Lift Biosciences Looks to Outlicense Cell Therapy Platform to Partners After Preclinical Findings

NEW YORK – Lift Biosciences said on Thursday that following encouraging preclinical results it will begin discussing licensing deals with biopharma companies for its N-LiFT platform for producing genetically engineered CAR-IMANs.

The platform that London-based Lift is developing — dubbed Neutrophil Only Leukocyte Infusion Therapy, or N-LIfT — involves producing different immunomodulatory alpha neutrophils (IMANs) to kill cancer cells in two ways, both directly and by recruiting the patients' own immune cells. To accomplish the latter, the IMANs are designed to change the tumor microenvironment into "hot" tumors.

On Thursday, Lift said it had successfully added a HER2-targeted chimeric antigen receptor to its IMANs, which it says resulted in a four-fold increase in cancer cell killing compared to unmodified IMANs.

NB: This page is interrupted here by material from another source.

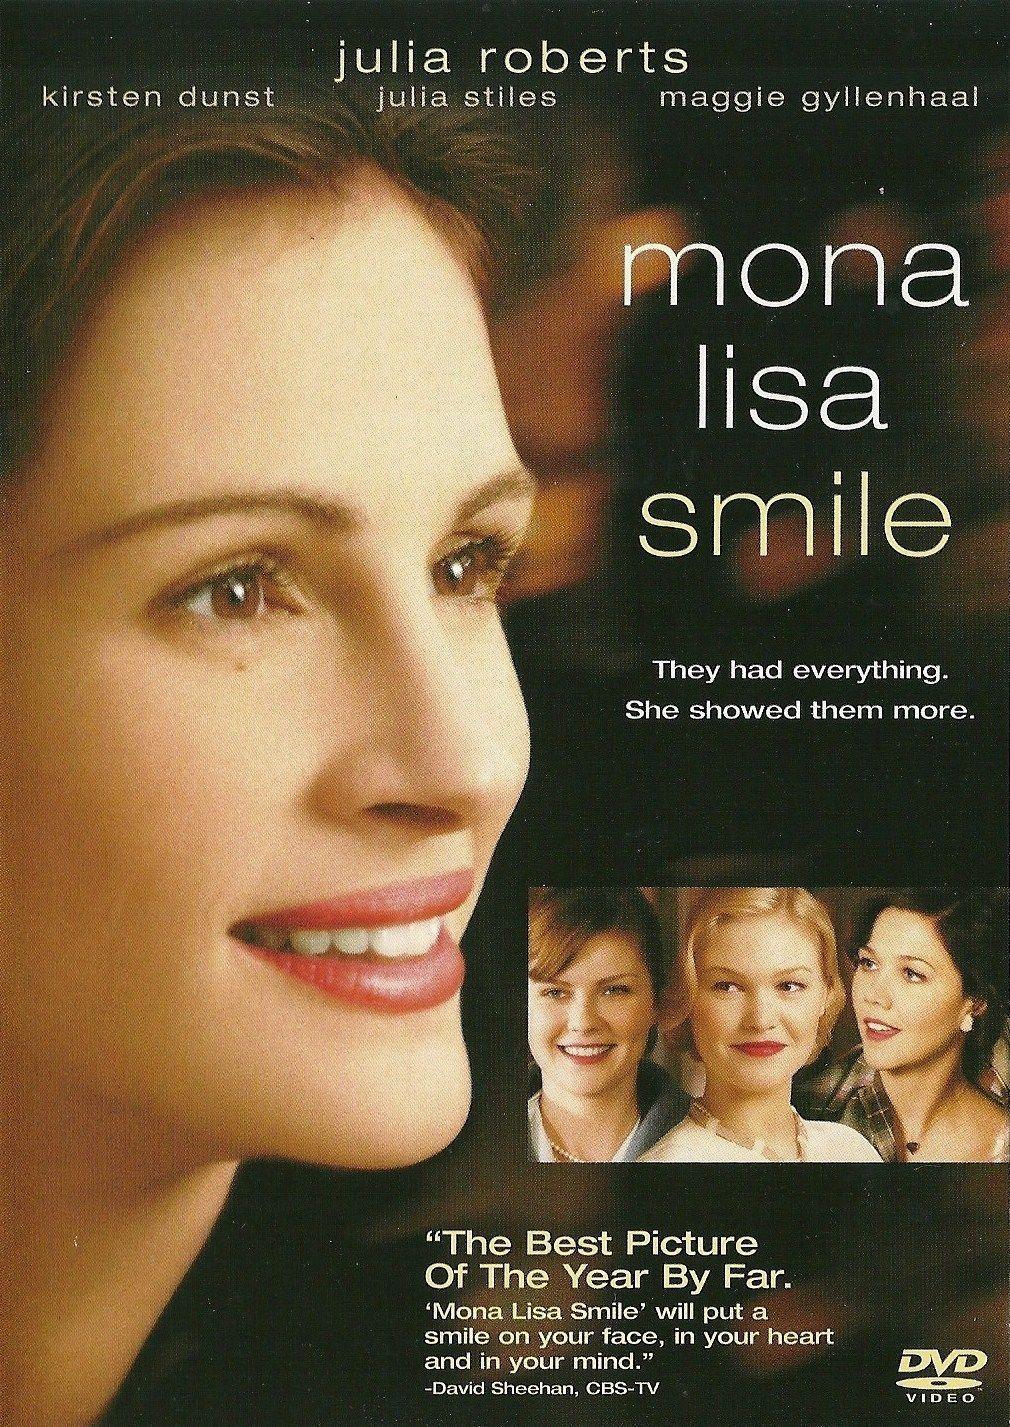 MONA LISA SMILE * Happy Birthday to: Laura Allen March 21 * Maggie  Gyllenhaal November 16

In preclinical studies on ex-vivo patient tumoroid models, even the unmodified IMANs demonstrated cell killing in difficult-to-treat solid tumors such as pancreatic, lung, gastric, and rectal cancers, according to Lift.

Based on the enhanced results seen when adding the HER2 CAR, Lift is talking with biopharma companies to license the platform, which it said could be used to produce "a whole new type of cell therapy platform for [those companies'] own CAR assets."

To be eligible for the HER2 CAR-IMAN, patients will ultimately need to be tested for HER2 expression, Lift CEO Alex Blyth said in an email, adding that HER2 is just one example of a CAR Lift the company will use with this approach. "We can use many different CARs to try and cover all patients and will use CARs with partners based on their targets," he said.

Lift's own internal CAR program is focused on the HER2 CARs as well as mesothelin-directed CARs, which are two targets Lift chose to cover a broad patient population, according to Blyth. Around half of non-small cell lung cancer patients express mesothelin and another third express HER2, he said.

Because of the way that the CAR-IMANs work, by directing the immune system to attack the cancers rather than only attacking the cancers themselves, Blyth clarified further that "unlike CAR T-cell therapies, IMANs' success is not completely dependent on these antigens' overexpression," but the antigen overexpression "just helps to accelerate their activation if it is present."

"We anticipate that we will be assessing patients' tumor expression of these antigens to determine which CAR-IMAN is most suitable," Blyth said. The firm is also considering using patient-derived tumoroids to test the IMAN therapies ex vivo to determine patients' likelihood of response. Because neutrophils are known to rapidly attack these types of patient models, Blyth said the tumoroid approach is "well-suited as a patient stratification tool."